Is oatmeal your favorite breakfast in the morning? There’s something so satisfying about being full and well-fed for a long time. You are still digesting oatmeal, no midmorning snack is required.
Why is oatmeal so filling? When you remember how creamy it is, you wouldn’t think of it. It’s time to take a look.
Oats have been around since ancient times. The first oats grown commercially came from Scotland in 1770. Today we eat more than 100 million pounds of oats each year.
The reason why oatmeal is so filling has everything to do with its fiber content. Fiber helps keep you feeling fuller longer because our bodies need energy to process all that fiber.
Fiber also keeps you regular. A high-fiber diet can help prevent constipation.
Fiber makes you feel satisfied after eating. This means less snacking between meals.
Oat bran contains soluble fibers which make up most of the bulk of oatmeal. Soluble fibers dissolve easily in water or milk. These types of fibers slow down digestion and absorb moisture into the body.
This slows down hunger pangs and reduces cravings. Soluble fiber may even lower cholesterol levels.
The reason brown rice is more filling than plain white rice is the same. It’s time to talk about oatmeal’s consistency. They have the same amount of starch as corn or potatoes despite being gluten-free.
You get a thicker pot of oats when you cook oatmeal and stir the pot frequently. It gets really thick if you don’t add more liquid, like mashed potatoes. To make oatmeal too thick, it’s necessary to have a thin liquid. It makes it harder to digest and keep you feeling full.
For a moment, let’s talk about fiber in general. This type of fiber is important for our nutrition and has many roles. The stomach has to work to release the two in order for you to get a more regulated intake of Carbohydrates. For a longer time, this slowed release means no sudden spike in blood sugar, and it also means you get glucose released slower for a longer period of time.
High-fiber foods can help those with Irritable Bowel Syndrome keep things in check, and also aids digestion. If you have loose stools, the BRAT diet is often recommended. It’s a temporary diet that helps bring in more fiber.
Only to a point, what type of oats you use matters. Steel-cut oats always have more than rolled oats.
Steel-cut oats are oat groats that have been cut into small bits and steamed. The more the brand is kept on them, the more fiber they bring. Brown rice still has the bran coating, so it brings more fiber.
Rolled oats have been steamed and rolled into a flat shape. They usually break into small pieces. The oats that lead to a softer oatmeal are the ones that are easier to cook.
If you’re wondering where instant oats come from, they’re rolled oats that have been broken down into smaller flakes. They’re the same amount of filling as regular oats, but they cook faster.
It could be your cooking method. You should try using different methods to see how much difference there is. Try boiling instead of microwaving. Boiling takes longer, but it gives you better results.
Another thing to consider is whether you’ve added too much salt. Salt will cause the mixture to thicken. Add just enough until it reaches desired thickness.

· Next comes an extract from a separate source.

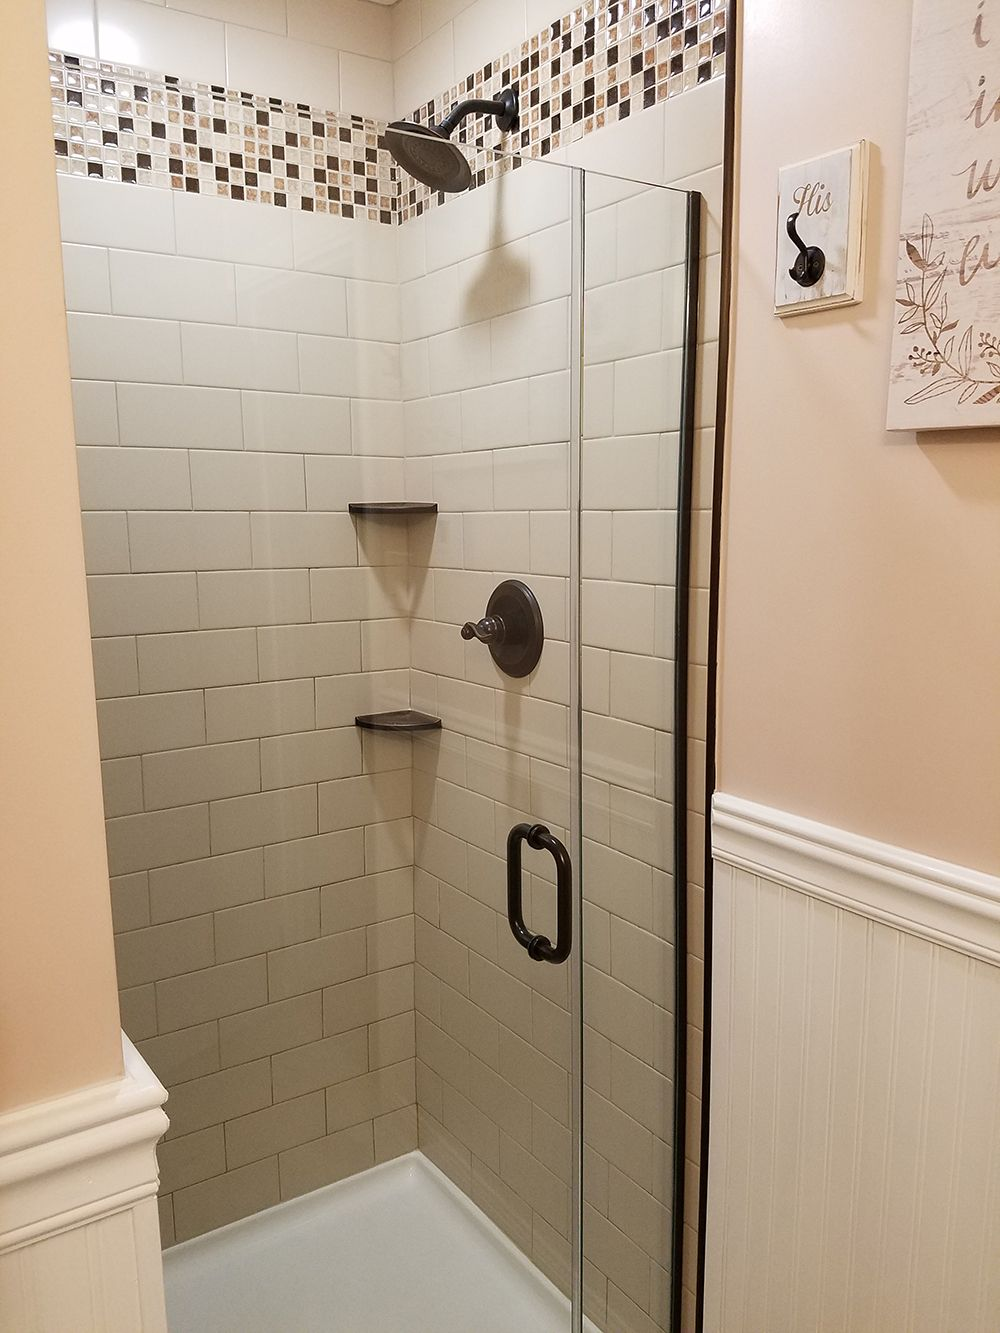 rustic farmhouse bathroom wall tile is

It’s not bad that oatmeal can get slimy. Everyone’s preferences are up to them. It’s hard to make creamy oatmeal without it getting slimy, in fact it’s not real but just the liquid you add to the oatmeal.
Check the manufacturing information to ensure that the products are not made using the same equipment as other potentially contaminating grains, since oats are naturally gluten-free. (Don’t buy products from companies you don’t know anything about, and read food labels carefully.)
One cup of cooked oatmeal serves you 150 calories, 4 grams of fiber (half soluble and half insoluble), and 6 grams of protein. My favorite way to eat oatmeal is with a swirl of almond butter on top, it also gives you protein. This combo will keep you away from the vending machine in the morning.
They contain high levels of dietary fibre which makes them great for digestive health. You may want to start eating oatmeal every day if you suffer from IBS or any gastrointestinal disorder. It’s one of the best ways to stay healthy.
The next time you go out to grab some fast food, think twice before ordering fries and burgers. Instead, opt for something healthier like grilled chicken breast strips dipped in hummus. Not only does this meal provide you with plenty of nutrients, but it tastes delicious!